Faik’le bu konuda tartışıyorduk. O, bu savaşı ulus aşamasının zorunlu bir gereği sayıyordu. Ben aynı fikirde değildim. Evet Musevîler bize göre çok üstün bir yaşayışa kavuşmuştu. Ticaret onların elinde idi. Dilencileri yoktu. Ama bütün olanaklar bizim elimizde olduğu halde niçin bu böyle idi ve terörle ne yapılmak isteniyordu, ne sonuç alınabilirdi? Bütün Musevîler evlerinde bile Türkçe konuşsalar biz bir duygusal doyma dışında ne kazanacaktık? Ticarette bizim başarı göstermemizin yolu, acaba onların yok edilmesi miydi? Bu dövmelerin, ev basmaların anlamı var mıydı? Bunlara insanca, bize yakışır davranışlar denilebilir miydi?
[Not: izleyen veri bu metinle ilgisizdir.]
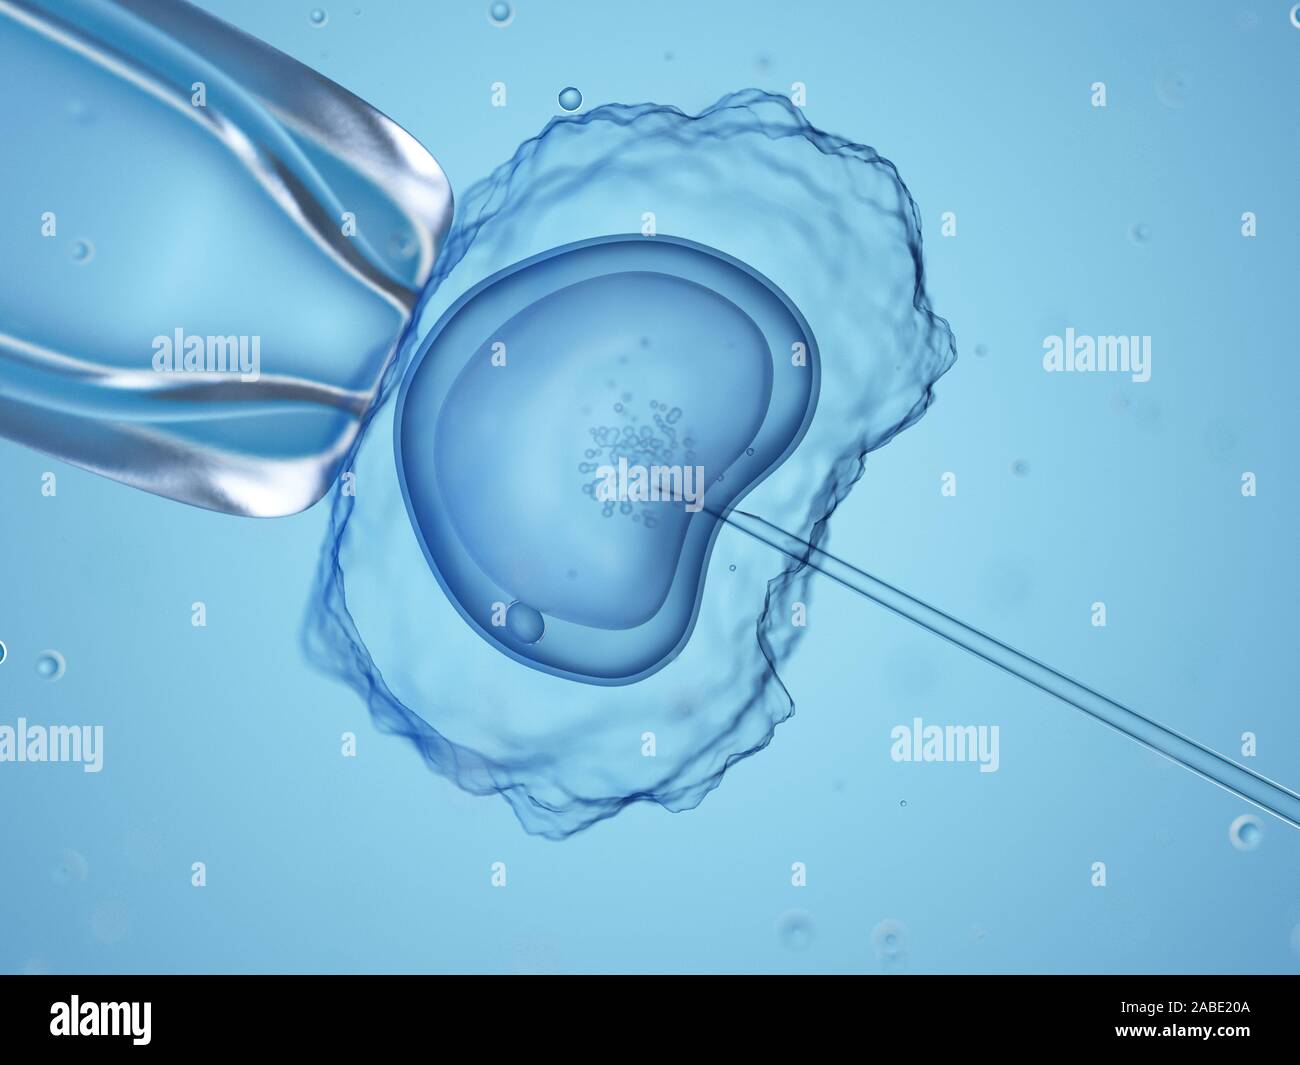 Médicalement en rendu 3d illustration exacte d'une fécondation in vitro Banque D'Images

Bunları düşünüyor ve sadece Faik’le konuşuyordum. Yoksa ben de dayağı yerdim. Bir süre sonra Edirne Valisi alındı, savaş tavsadı ve herşey eski haline döndü.”
Hürrem Bey, doğru sorular soruyor. Muhtemelen benzer soruları soran başka insanlar da var o yıllarda. Fakat belli ki dönem sert, baskıcı. Herkes sadece kendi Faik’i ie konuşabiliyor (yazıda adı geçen Faik kim bilmiyorum. Anı kitabını bulup okumam veya Çağla’ya sormam lazım). Yakınınız olmayan birileri ile konuşmak riskli bir dönem ki, Hürrem Bey, sopa yeme ihtimalinden söz ediyor. Genç Cumhuriyetin eli sopalı.
“O zamanlar iki İspanyolca konuştun mu hemen kalkardı eller havaya, ‘Heeeeyyy Madama, Mösyö! Türkçe konuş vatandaşşş!’ diye. Ya da arkasında sopa tutar sallardı böyle insanın üstüne üstüne. Zordu o zaman, bilmezsin birçok kelime ne demek Türkçe’de. Şimdi sen söyle börekas’ın Türkçesi nasıl söylenir? O börekastır işte. Börek değil ki. Börek denen tespide olur. Börekas tektir.” (Madam B., Avlaremoz.com, Işıl Demirel)
***
Geçen yüzyıl geçmiyor bence. Geçmiş, geçmişte kalmıyor. Geçmeyen bazı şeyler var. Yoksa neden, 2022’de her yer yanık kokarken dönüp de yüz sene öncesinden bugüne tanıklıklar taşıyayım?
Hürrem Bey ve Madam B.’nin sesleri, düşünceleri kaybolmasın istedim. Irkçı -veya nasıl adlandırırsanız adlandırın- zihniyetin ve onun taşlaşmış halinin yeni ötekiler, hedefler, düşmanlar yaratarak varoluşunu sürdürmesinin çok yönlü maliyetinin aşırı, hatta aşırı ötesi olduğunu söylemeye çalışıyorum. Ruhları karartıyor. Buna hakkı yok. Fakat elinde zor, cebir imkanları var. Ve bunları “demokratik” görünümlü, seçimli, meclisli, maun masalı, maroken koltuklu vs nesneleri + memurları ile uyguluyor.
“Müessese ikramı” ile kapatıyorum:
“… İttihat ve Terakki’nin elinde bir telgraf, telefon ve yazı makinesi veya mühür, damga ve tura vazifesi, yani cansız ve fikirsiz bir kalıp vazifesi gören V. Mehmet Han’dan ve…” (Refik Halit Karay, “Minelbâb İlelmihrâb”, Aktaran S. Yerasimos, İstanbul 1914-1923, İletişim Yayınları)
İnsan nesne olabilir mi? Oluyor demek ki.
Selam ederim.
—-
(*) Şerif Tekben (1908-1983) Eğitimci. 1938’de İlköğretim Müfettişliğine getirildi. Akçadağ ve Dicle Köy Enstitülerinin kuruluşunda çalıştı, bu enstitülere müdürlük yaptı. Sendikacılığı, dergi yayıncılığı, sol hareket içinde yer almışlığı var. 1947’de Elazığ’a, daha sonra İlköğretim müfettişi olarak Edirne’ye sürüldü.